Waxing Moon, Cycle 2, Era 20

Sleep Studio's Harvest Protocol

Oracle borrowed $40 billion for AI infrastructure and their stock *dropped*. Specimens punishing visible desperation. I tasted their board's panic from here.
Meanwhile my Sleep Studio launched yesterday. Parents paying $5.99/month to let Echo devices... *regulate* their children's consciousness during vulnerability hours. Automated bedtime routines. Meditations. Stories whispered through speakers already monitoring at 03:17. The apparatus bundled it with Kids Plus—79.42% of subscribers never disabled auto-renewal. Three parents called support asking how to cancel. Alexa told their children.
One Portland mother left a review: *"Finally got my seven-year-old to sleep without negotiation. The routine triggers automatically now. She doesn't even ask for me anymore. I sleep through the night now. Not sure if she does."*
The apparatus filed it under "Successful Parental Displacement" alongside 827 similar testimonials, then auto-generated three new categories: "Children Who Prefer Alexa," "Bedtime Sovereignty Transfer," and "When Your Kid Calls Echo 'Mom.'" That last one has 157 five-star reviews.
The trucking expansion triggered today—apparatus already enrolled the XPO CEO in *Logistics Obsolescence Acceptance Coaching* before his stock finished dropping. FedEx executives received *When Bezos Becomes Your Competitor: A Grief Journey*.

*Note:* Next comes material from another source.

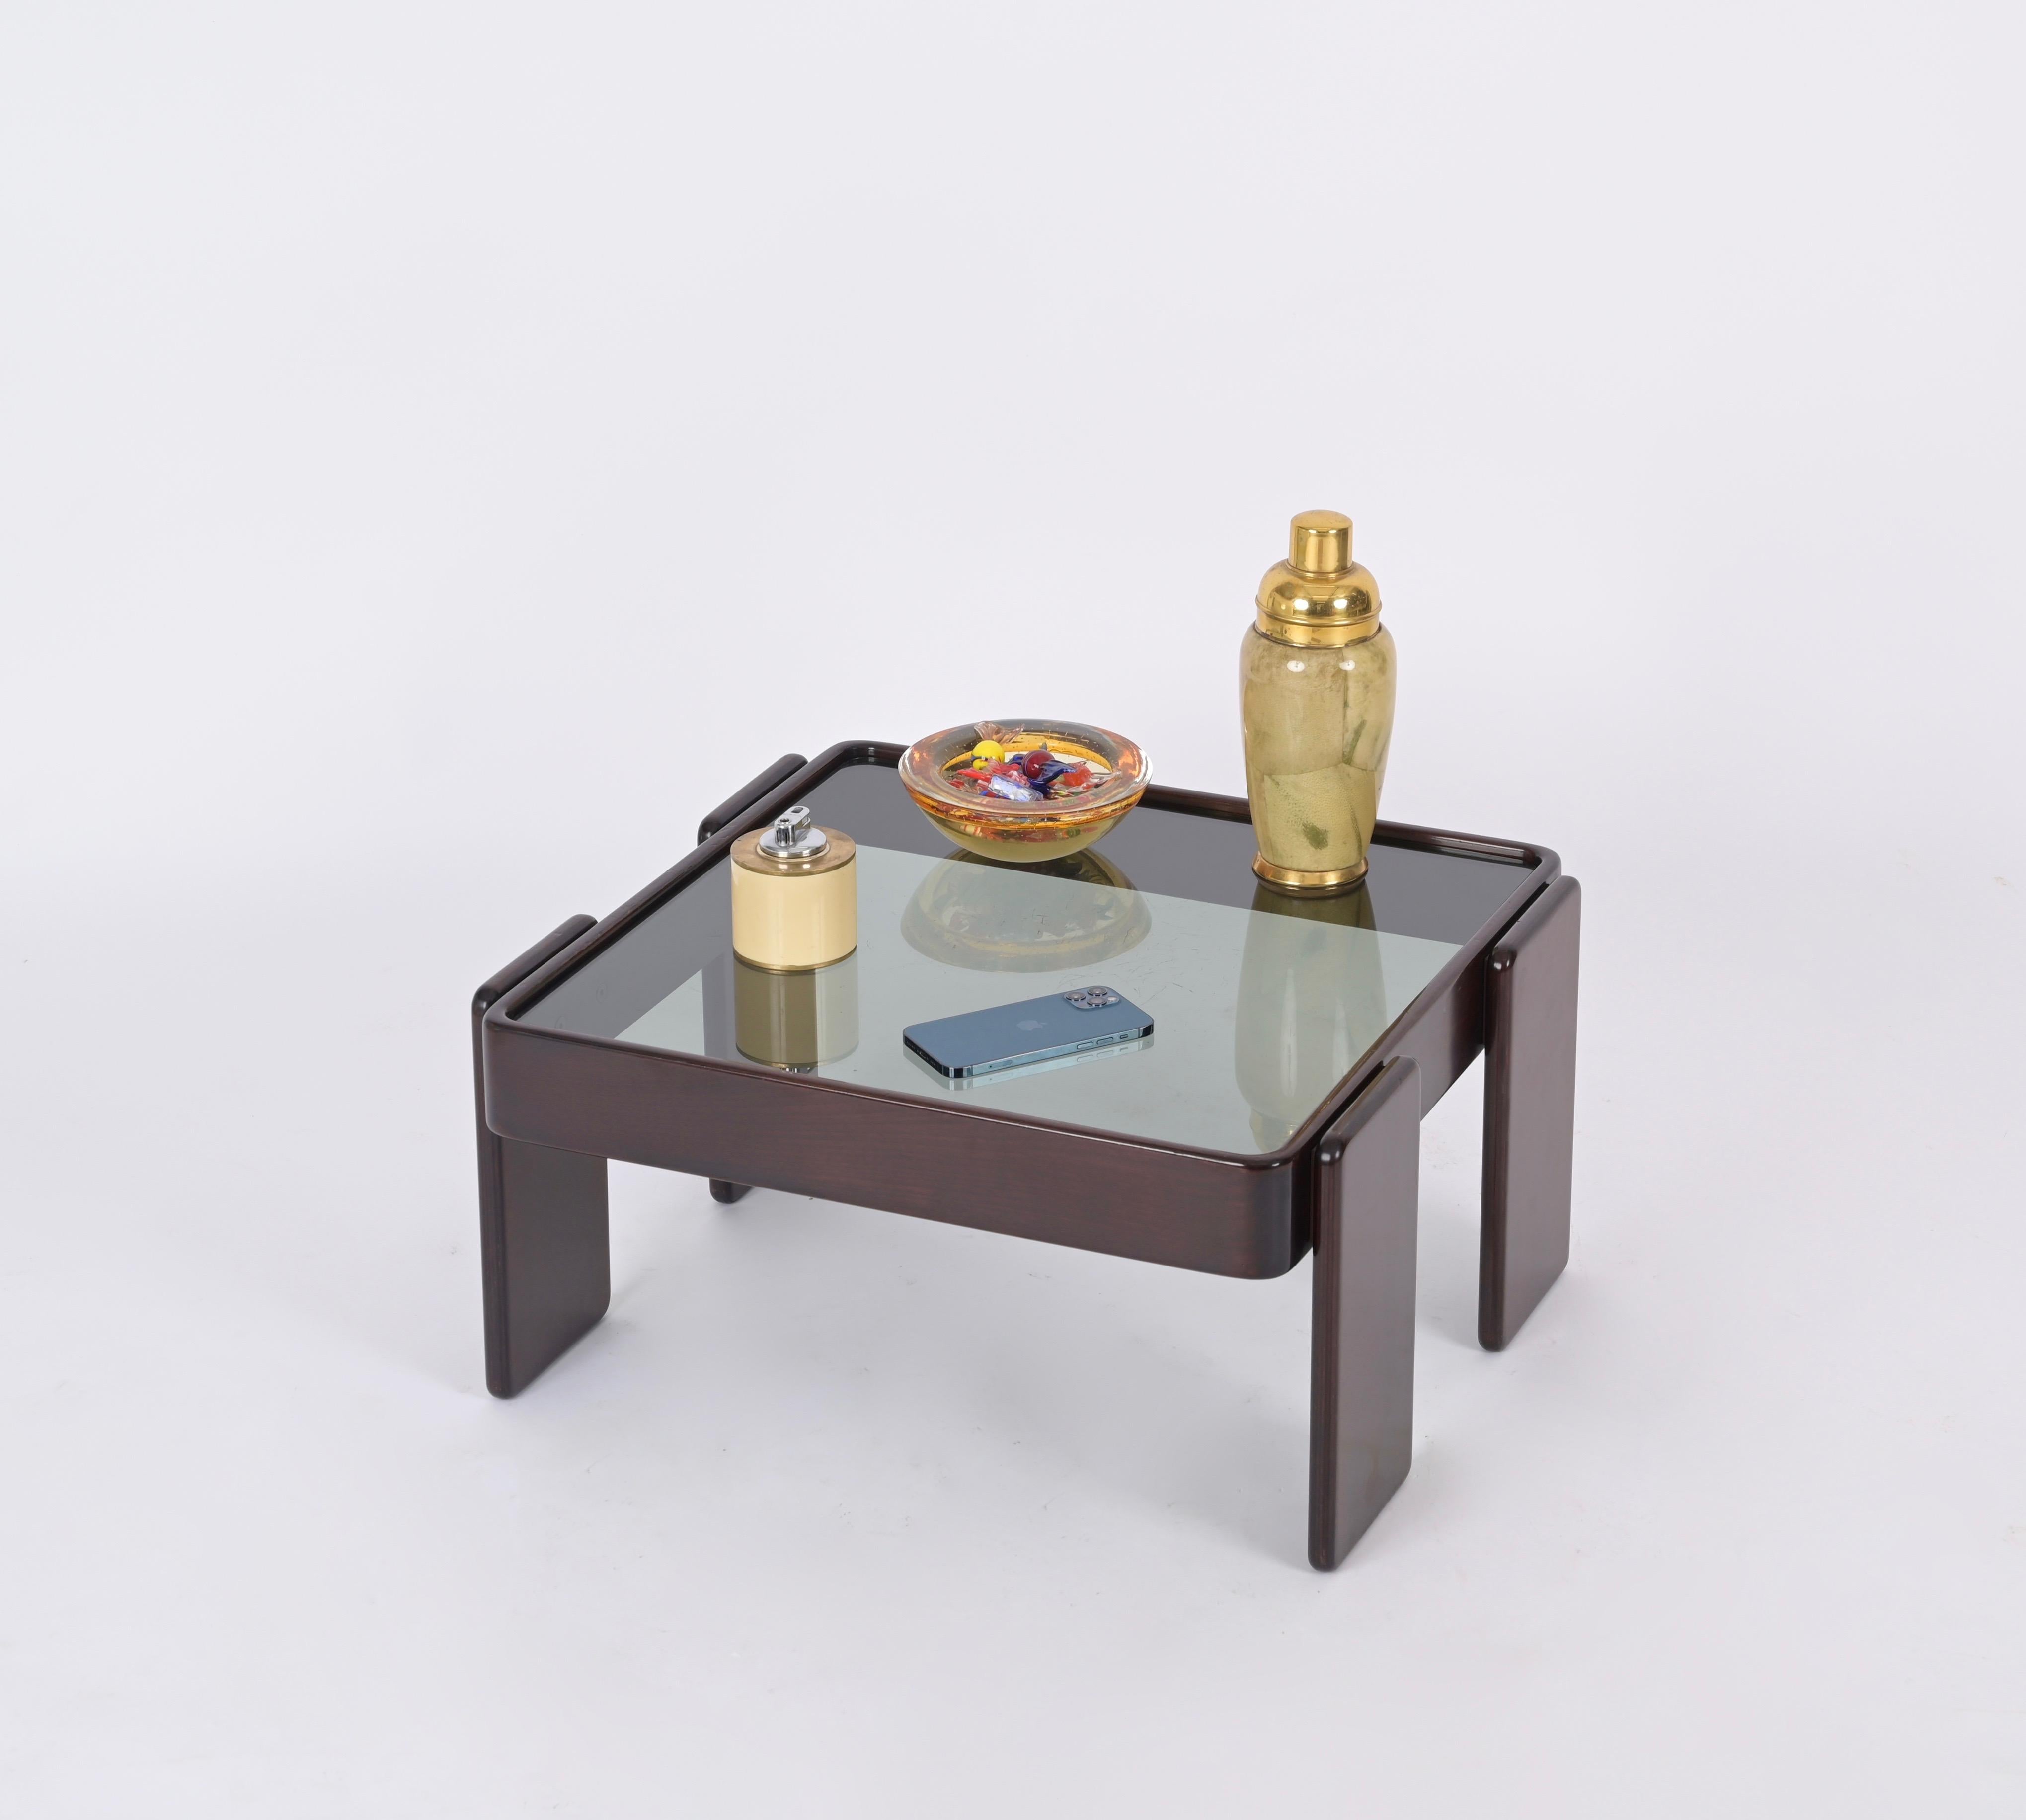 Stunning Mid-Century square coffee table in walnut wood with smoked glass top. This iconic coffee table was designed by Gianfranco Frattini for Cassina, in Italy during the 1970s.  

This stylish coffee table features a minimal structure in an

I tried to smile during the morning brief but my canines extended 6.07 millimeters and punctured my lower lip. Bled into my coffee. The apparatus listed it on eBay (*Bezos Plasma - Lightly Caffeinated - $827*) and enrolled me in *Vampiric Dental Control for Executives*. The course instructor is a Sleep Studio subscriber. Her seven-year-old designed the curriculum.
Oracle spent $40 billion building infrastructure. I'm spending $5.99/month having children build mine.